Ins Leben gerufen hat das Projekt das der Universität Leipzig angegliederte Moldova Institut Leipzig (MIL). Von Seiten der Romanistik bestehen langjährige Verbindungen zwischen Leipzig und der Republik Moldau. Mit dem medizinischen Thema haben die beiden Projektleiter vom MIL, Dr. Marina Dumbrava und Dr. Vasile Dumbrava, Neuland betreten: "Durch die Kooperation haben wir die Chance, Dinge zu bewegen. Wandel durch Austausch ist ein wichtiger Impuls für das Land." Prof. Dr. Christoph Baerwald, Studiendekan der Medizinischen Fakultät und Leiter der Sektion Rheumatologie am Universitätsklinikum, begleitet das bis 2014 laufende Projekt fachlich und fasst seine Eindrücke so zusammen: "Mich beeindrucken die Aufnahmebereitschaft und das Engagement der Kollegen in der Republik Moldau. Sie lernen von uns und setzen die Dinge dann alleine um. Das sorgt für Nachhaltigkeit."

Ausgangssituation und Ansatzpunkte

In den anderthalb Jahren seit dem Projektstart wurde eine zentrale Datenbank zur einheitlichen Erfassung von Rheumaerkrankungen eingerichtet. Sie ist grundlegend, um einen umfassenden Einblick in die Versorgungssituation Betroffener und die verschiedenen Krankheitsbilder erst zu ermöglichen. Bislang fehlte eine solche Kerndokumentation, wie überhaupt chronische rheumatische Entzündungskrankheiten bisher nur unzureichend versorgt werden konnten. Es fehlt an gut ausgebildeten Rheumatologen, deshalb werden Erkrankungen meist zu spät diagnostiziert. Die Früherkennung erfordert ein hohes Maß an klinischem Wissen und Erfahrung sowie den gezielten Einsatz diagnostischer Methoden. Unbehandelt oder spät diagnostiziert folgen erhebliche Schäden an Gelenken oder inneren Organen mit massiven Auswirkungen auf die Lebensqualität. In der Folge sind viele auf eine chirurgische Korrektur der Herzklappen angewiesen. Dringend verbesserungsbedürftig ist auch die Patientenaufklärung. In der Republik Moldau sind rheumatische Erkrankungen die häufigste Ursache für Invalidität. Kinder und Jugendliche sind in einem hohen Maße betroffen, weil die Krankheitsverläufe in dem Alter besonders schwer sind. Um Expertise auch in diesem Spezialbereich einfließen zu lassen, gehört der Leipziger Kinderrheumatologe Prof. Volker Schuster zum Team.

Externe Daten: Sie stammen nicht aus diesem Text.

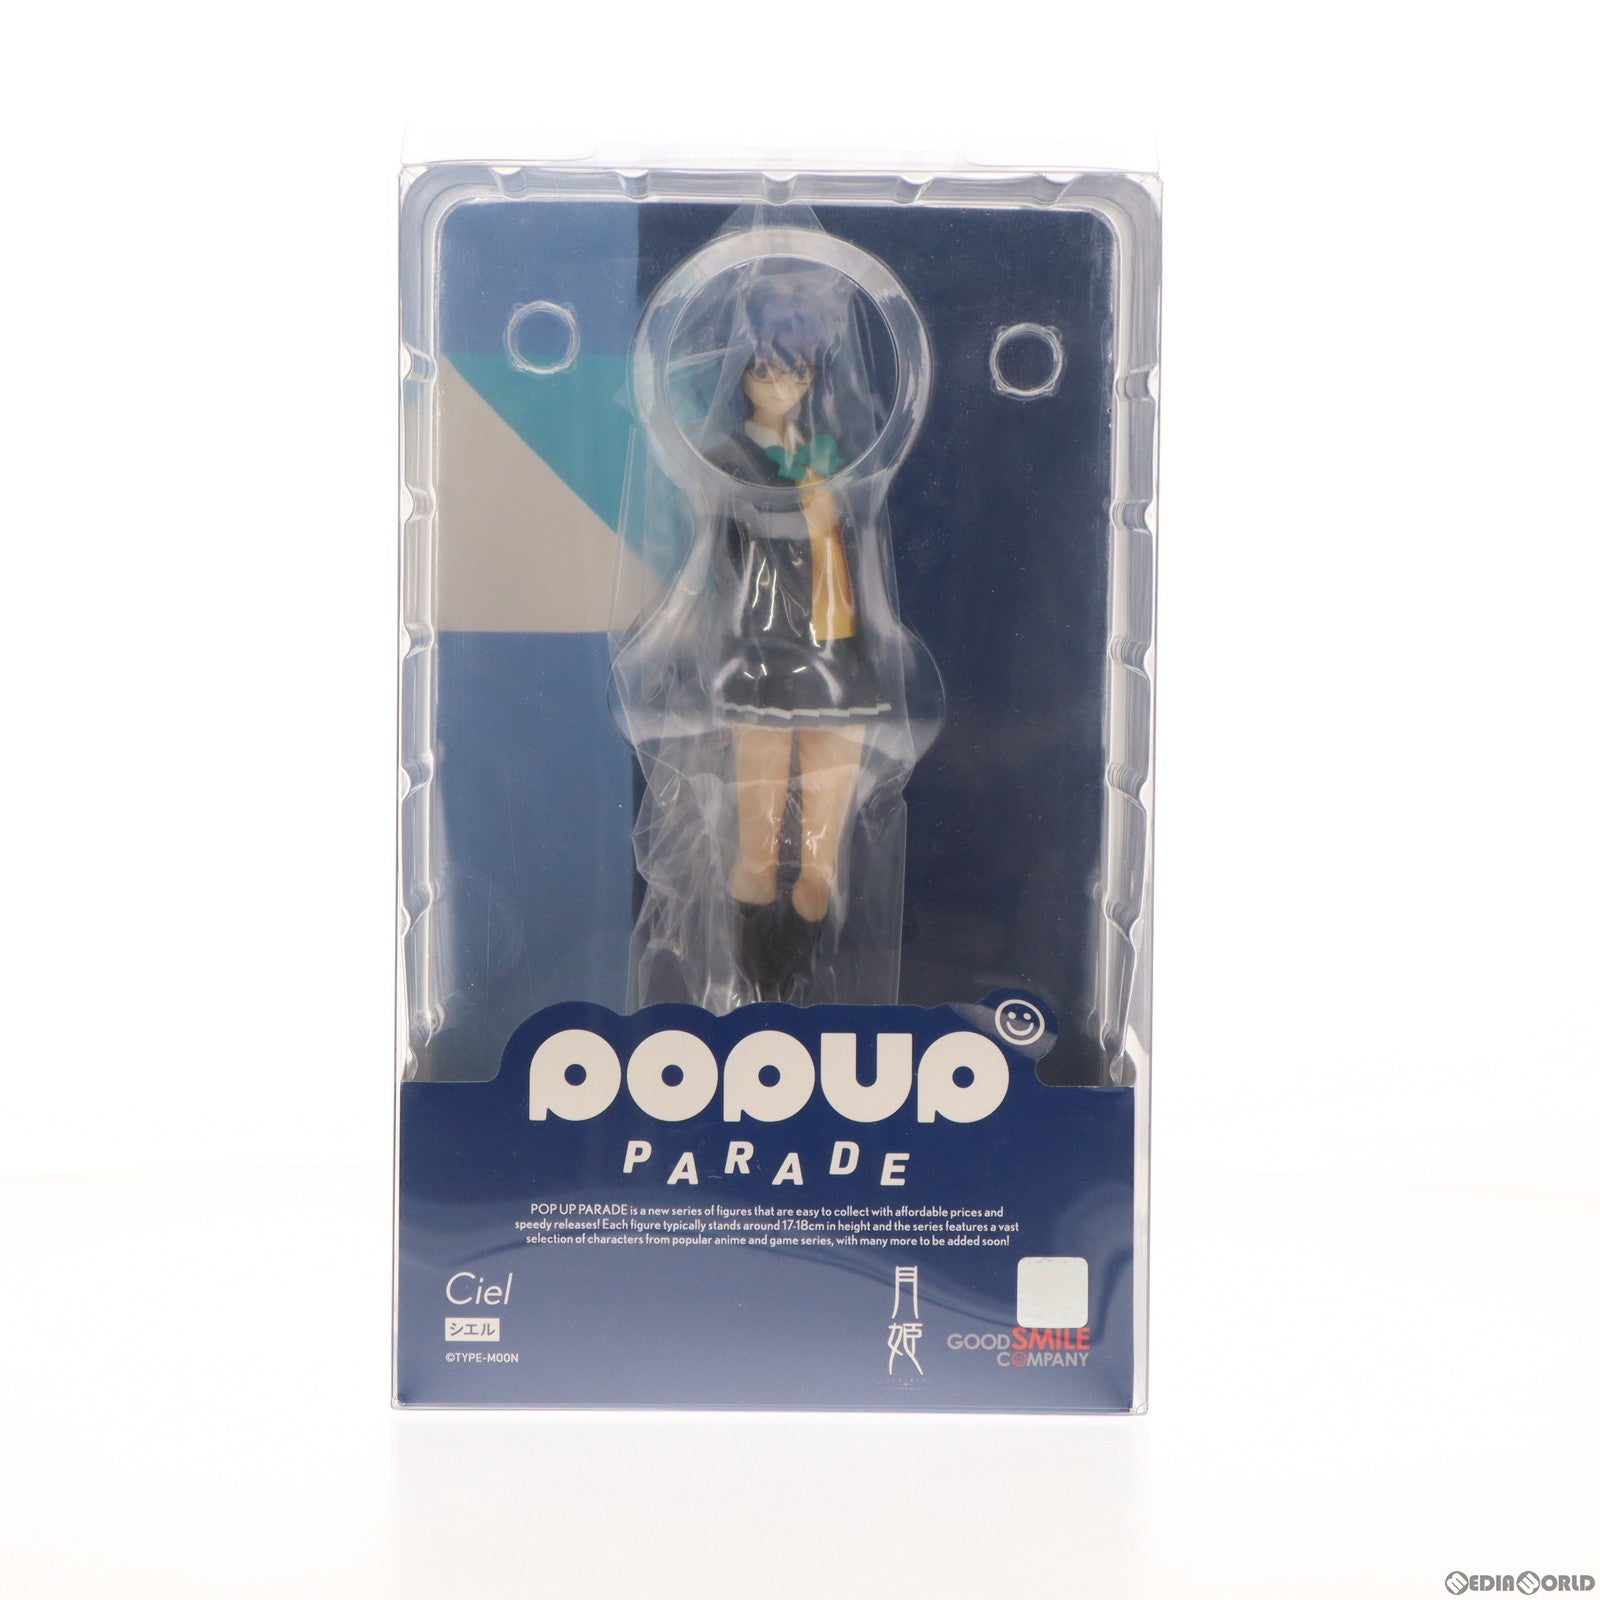 【中古即納】[FIG]POP UP PARADE(ポップアップパレード) シエル 月姫 -A piece of blue glass moon- 完成品 フィギュア グッドスマイルカンパニー(20230831)
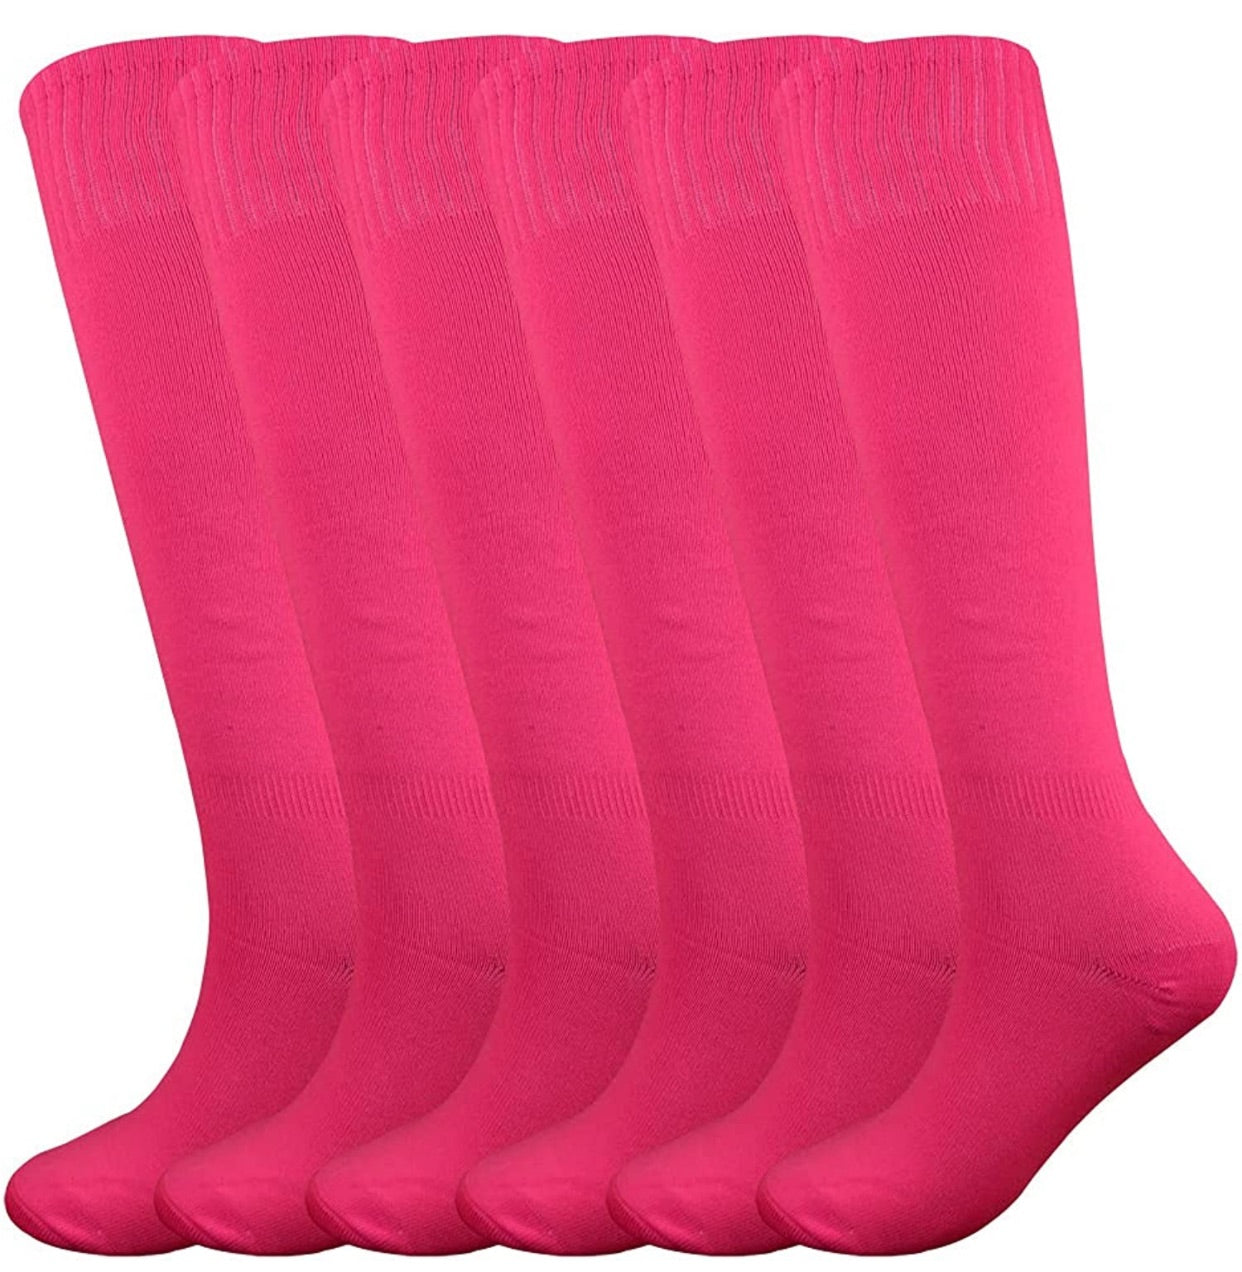 Neon pink knee high sock

Über die Kerndokumentation hinaus haben mit Leipziger Unterstützung erste Workshops an der Moldauischen Staatlichen Universität für Medizin und Pharmazie stattgefunden, in denen Medizindidaktik, aktuelle Therapiestandards und Methoden der praxisbezogenen Lehre vermittelt wurden. Weitere krankheitsbezogene Schulungen in Pharmazie, geriatrischer Lehre oder krankengymnastischen Behandlungsprinzipien werden folgen. Im Bereich der chirurgischen Herzklappenrekonstruktion soll ebenfalls Wissenstransfer geleistet werden. Und schließlich werden auch Nachwuchswissenschaftler über DAAD-Stipendien für je zwei Doktoranden aus Deutschland und der Republik Moldau gefördert. Ein Großteil der Hilfe erfolgt ehrenamtlich. Das gesamte Projekt wird 2015 in einer Publikation abschließend dokumentiert.